Former Trump campaign manager Paul Manafort benefitted from his consulting work in Ukraine to the tune of more than $60 million, much of which went unreported, according to a filing Monday by federal prosecutors. The Washington Post writes:
"The government expects to prove that Manafort earned more than $60 million dollars from his Ukraine work during the period at issue and failed to report a significant percentage of it on his tax returns,” prosecutors wrote.
The filing is an opening salvo in Manafort's trial set to begin Tuesday in Alexandria federal court. Manafort's lawyers are angling to deprive jurors of a full accounting of his work in the region between 2006 and 2015 for former pro-Russian president, Viktor Yanukovych, and other Russian-friendly groups. Government prosecutors are making the case that the full scope of Manafort's work in Ukraine is central to the bank fraud case they are bringing against him.
Overall, Manafort faces 18 counts including falsifying income tax returns, maintaining unreported bank accounts, bank fraud, and conspiracy to commit bank fraud. Prosecutors plan to call some 30 witnesses, including Manafort’s former business partner Rick Gates, but it’s largely a paper-trail case.
Prosecutors say Manafort both laundered money and utilized offshore bank accounts to hide the extent of his income earned through political work.

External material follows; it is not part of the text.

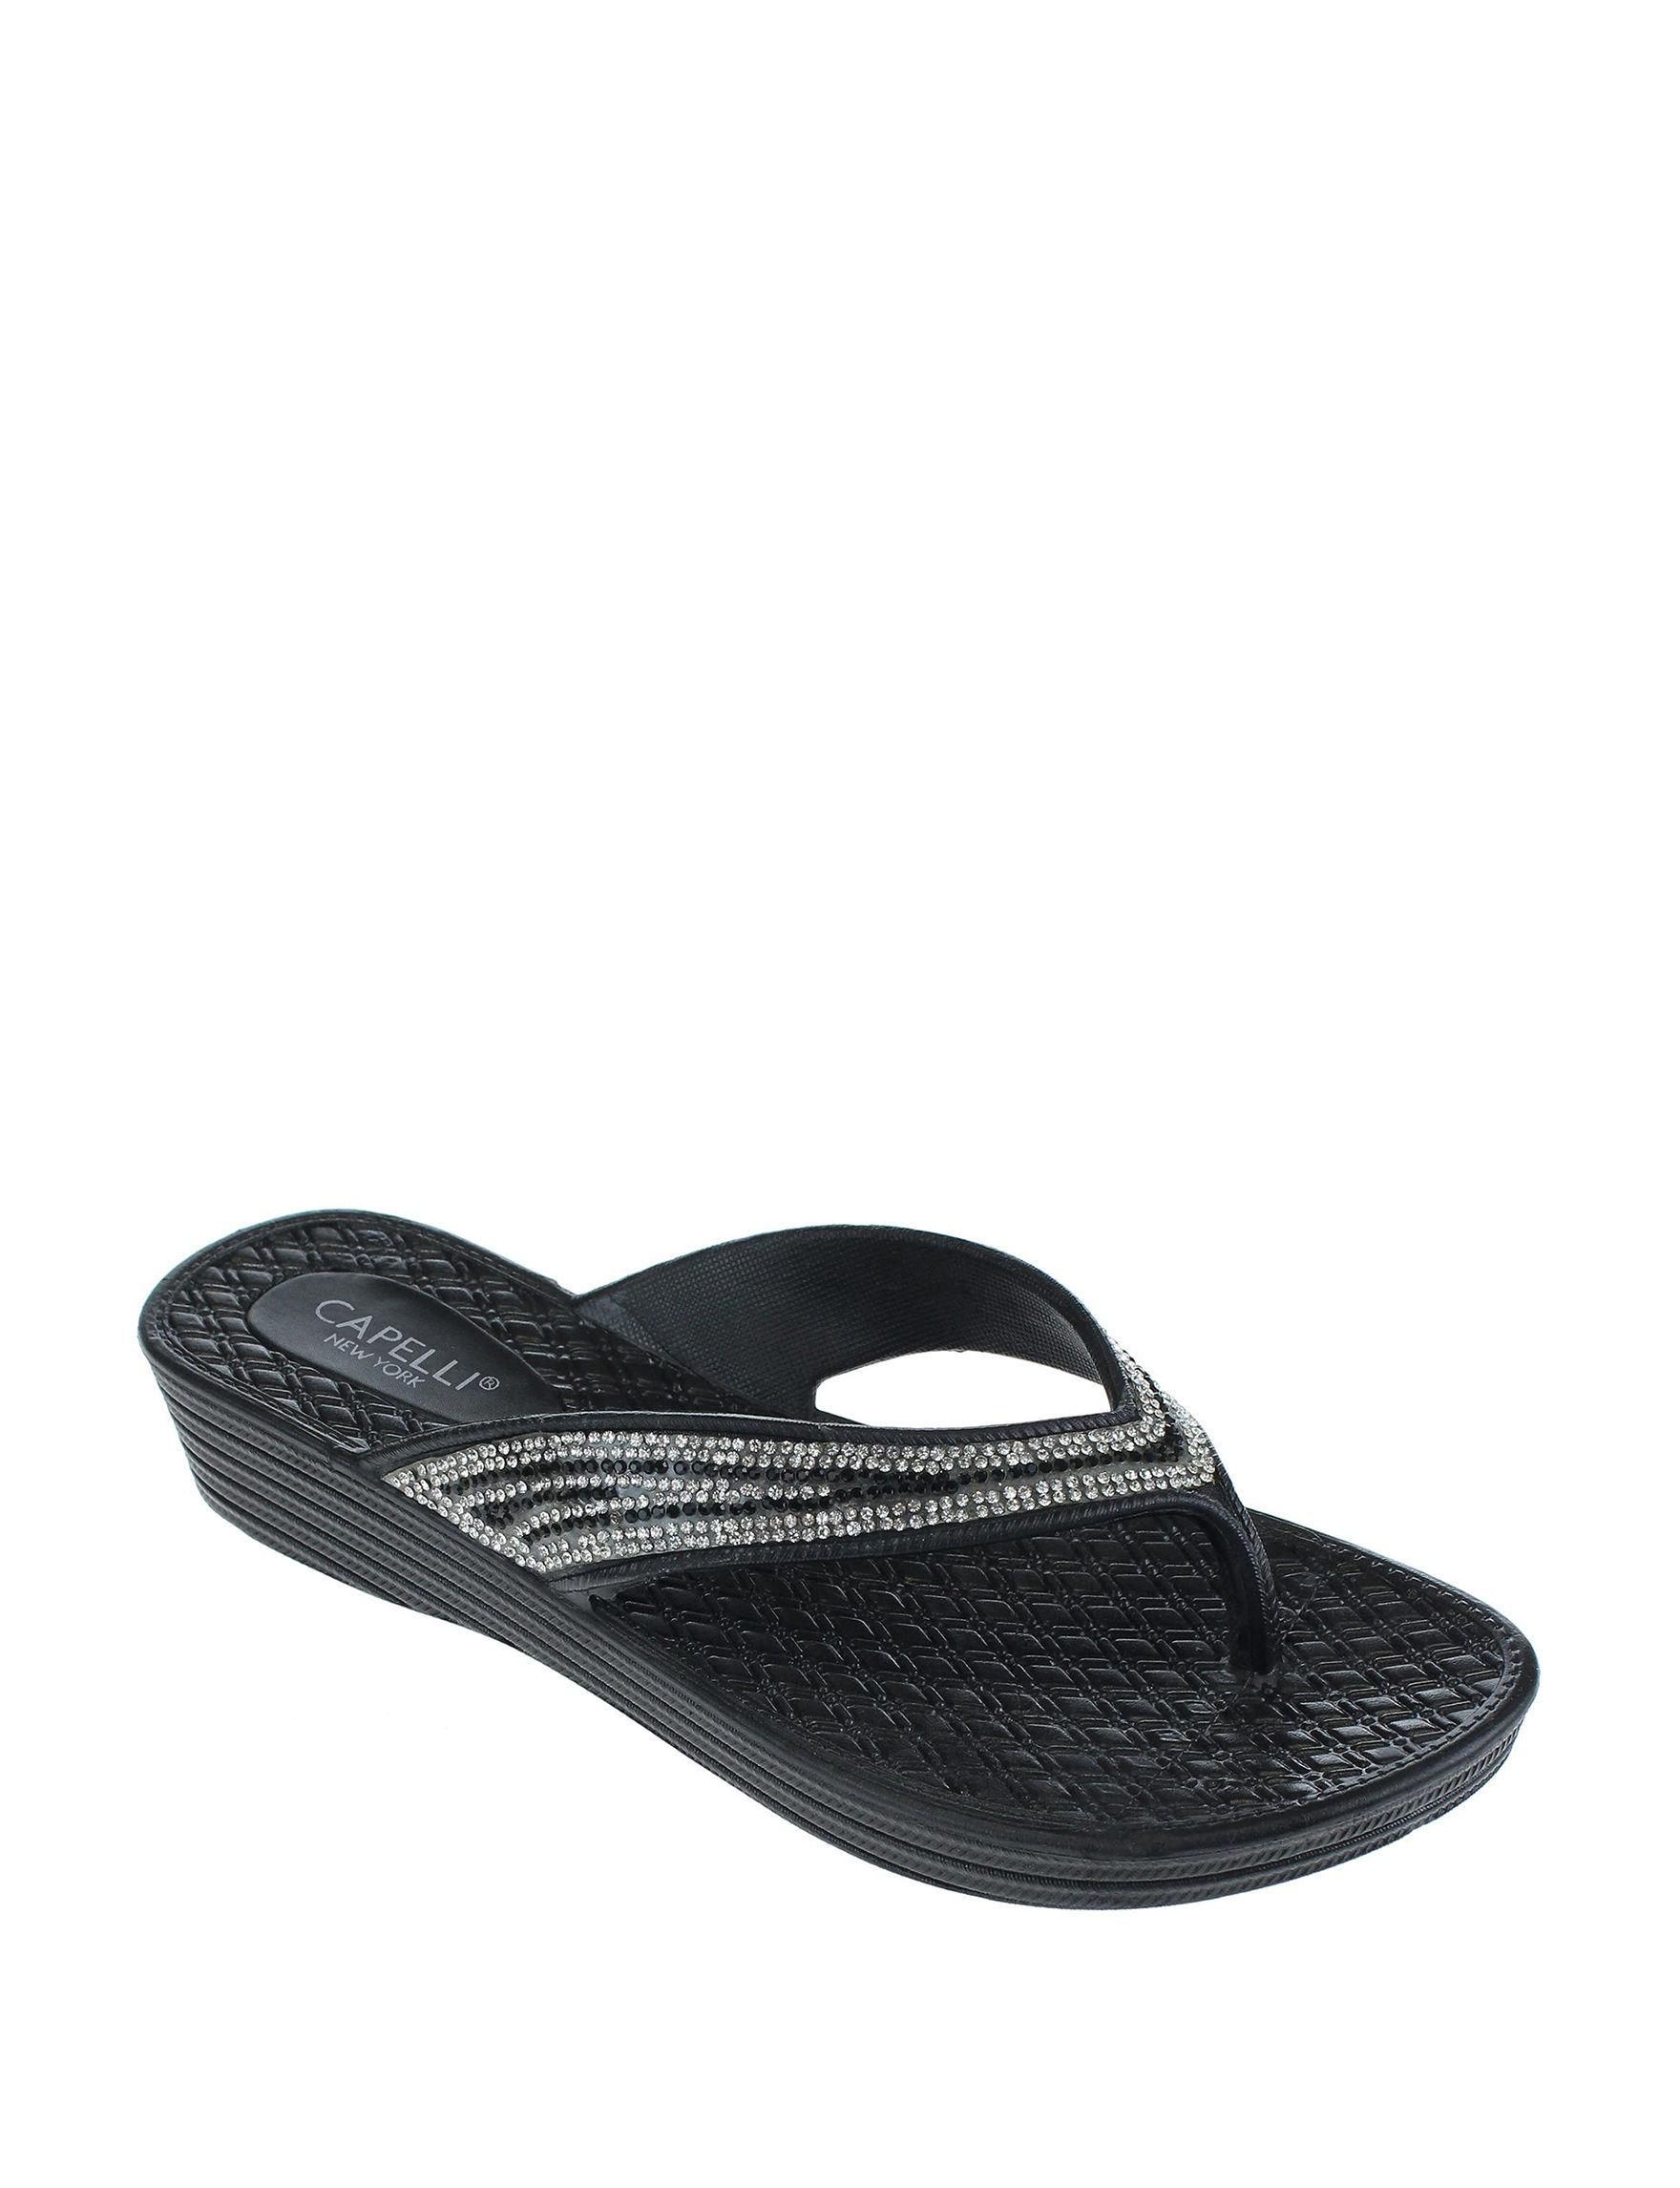 Capelli Black Flip Flops Wedge Sandals

He also allegedly committed bank fraud by failing to properly disclose his income/debt to banks in order to secure loans in 2014 following the fall of the Ukrainian party he worked for.
Though Manafort does play a central role in the special counsel's investigation into Russia's attack on the 2016 election, prosecutors have said they don't plan on including the issue in the Virginia trial.
“I don’t anticipate the word ‘Russia’ will be uttered by a government witness,” one member of the special counsel team said in a pre-trial hearing.